Holy smokes! Look at the third picture in this article! When Arya was enjoying the heck out of the on-stage depiction of King Joffrey’s death, LOOK DIRECTLY BEHIND ARYA! Miss hair buns was standing so close behind Arya, I’m sure Arya could feel the other girl’s breath on her neck. Does this mean something? Are they ever going to address it? I think they’d better, or fans are going to riot!

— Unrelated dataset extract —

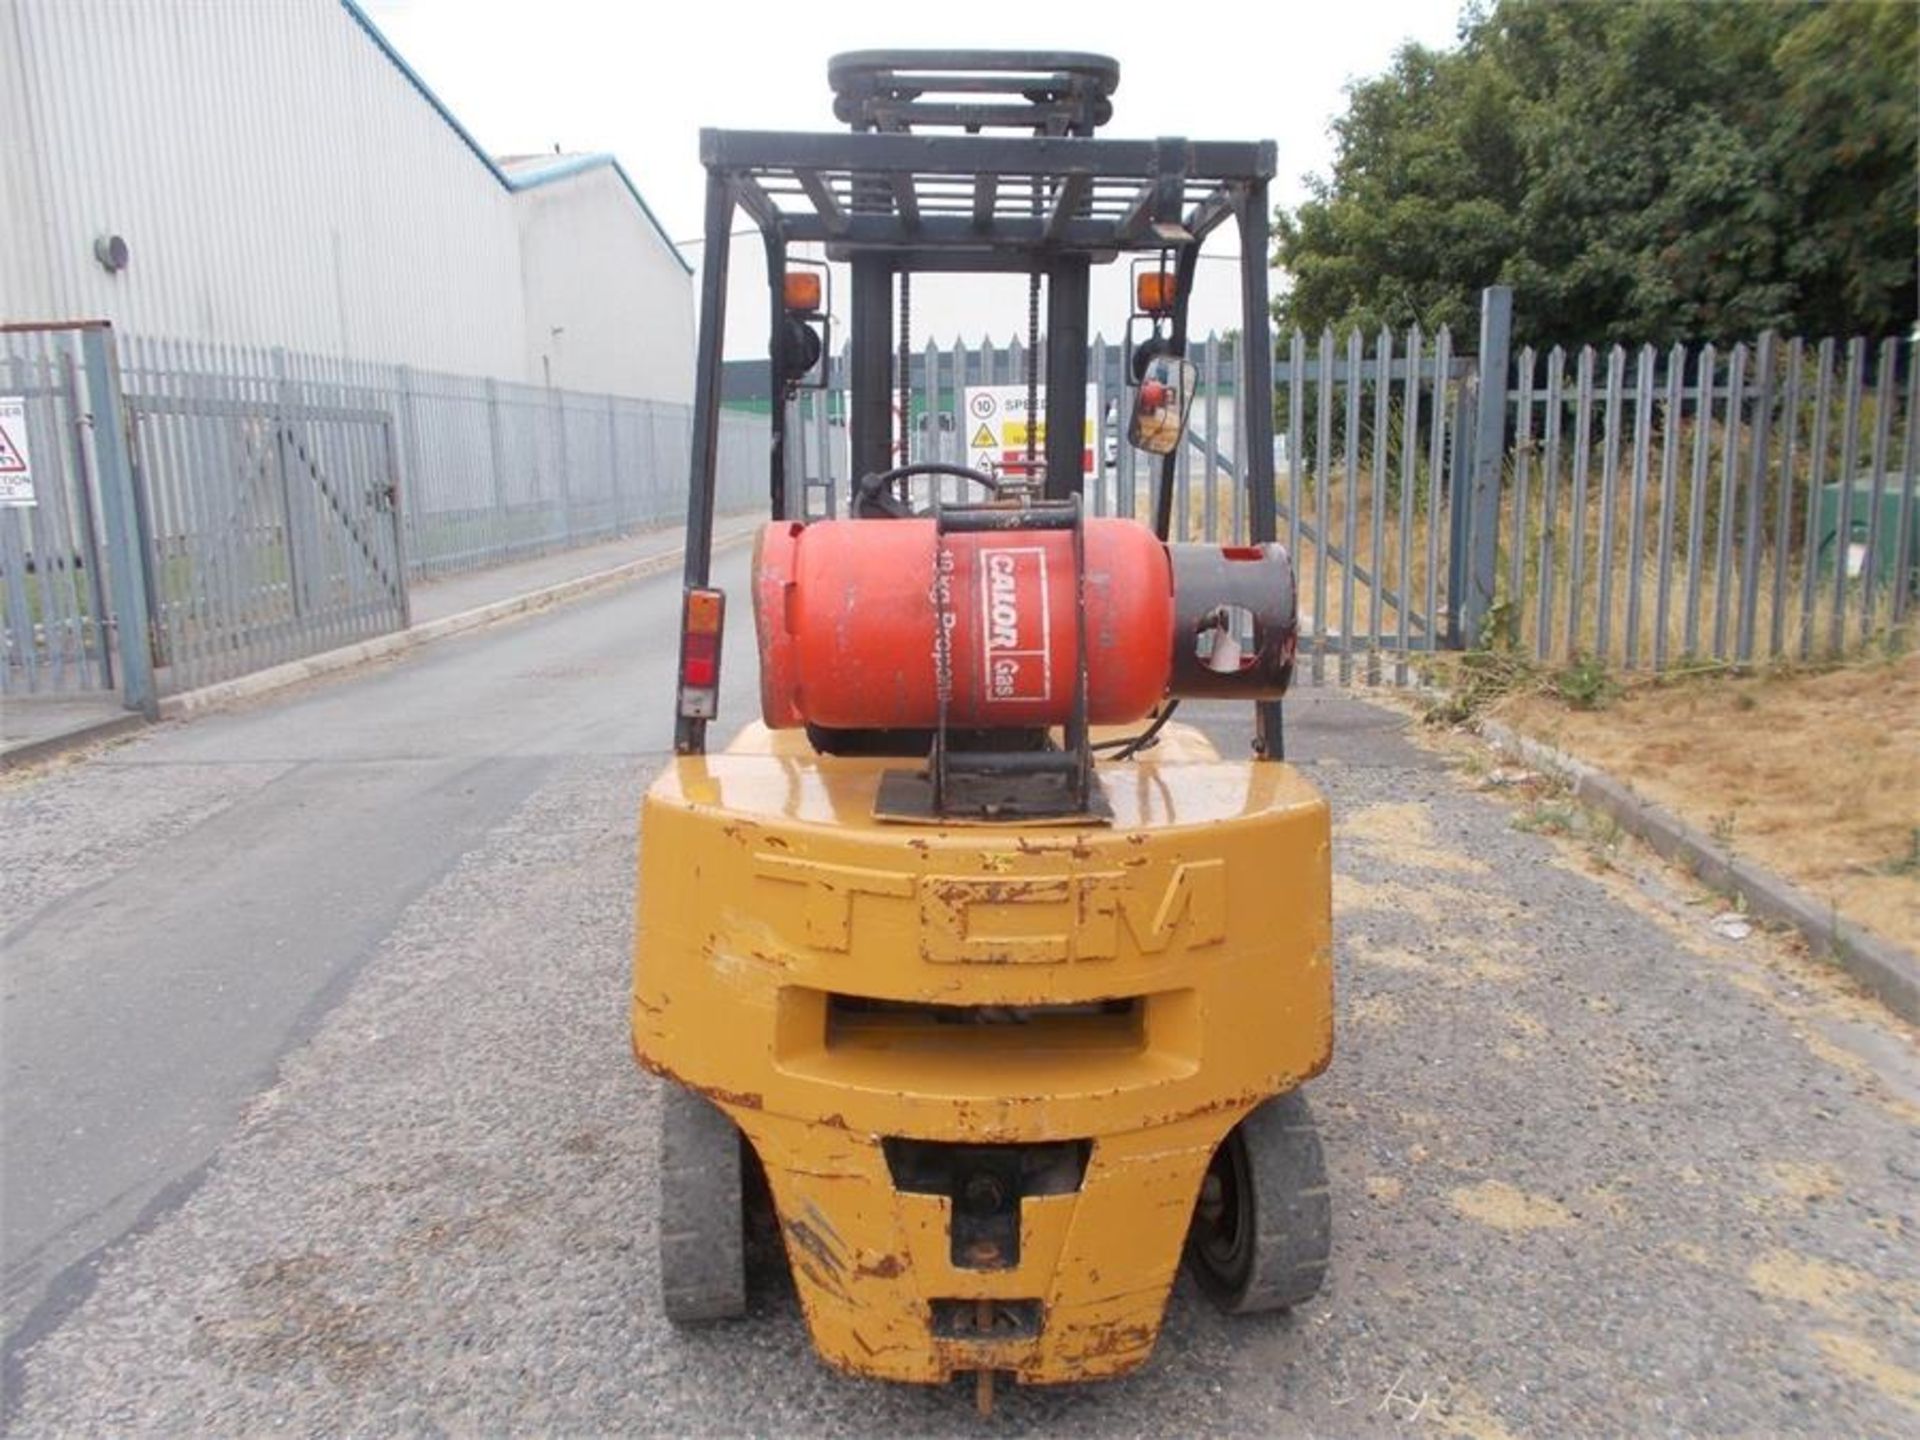 CM FG25 fork lift 2.5 ton Delivery arranged 3.75 metres lift height - Image 7 of 9

(Say "before she was stabbed", not "before she was killed". Arya is still breathing, and I won't despair while she lives.)

Blam said...


@Joan: // I might be messed up (forever) from Lost //

That’s so adorable, blaming Lost.

However: Yes! I totally forgot to mention the whole Arya thing. Now, I admit that I didn’t notice the other girl dressed like Arya — nor did the whole theory that really is out there on the Interwebs of the Waif being Arya ever cross my mind — but having been disappointed in Arya not acting more on her guard against the Waif and/or just in general, and brainstorming on another option besides Arya having padded her tunic with blood packets over some kind of armored undergarment (since that’s a very specific precaution and, like, her throat was still exposed), I did wonder if maybe this “Arya” was Jaqen looking out for Arya / testing the Waif; I mostly dismissed that option because, while there’s clearly an element of magic to the whole identity-changing deal, even though it does somehow incorporate physical faces expertly sliced from dead bodies, Jaqen is considerably taller than Arya, plus him running through the streets as her makes no sense, unless he can’t change back to himself — whatever that may even mean, because Jaqen may not even be his original himselfness, and heck at this point I would even be open to Jaqen being Arya from the future come back to prepare herself for what lies ahead even even even. So I guess we’re left with either Arya setting up somebody else as a proxy using Faceless Men tactics somehow, which I like except for the part where maybe an innocent person is harmed, or getting help from the theatre troupe in using stagecraft to mock up her abdomen in anticipation of a the Waif literally acting on her hatred of Arya’s guts, which I doubt given no such sophistication was in evidence at the play, or Arya really was caught by surprise and has barely survived.

I used extra italics for you, Joan. You’re welcome.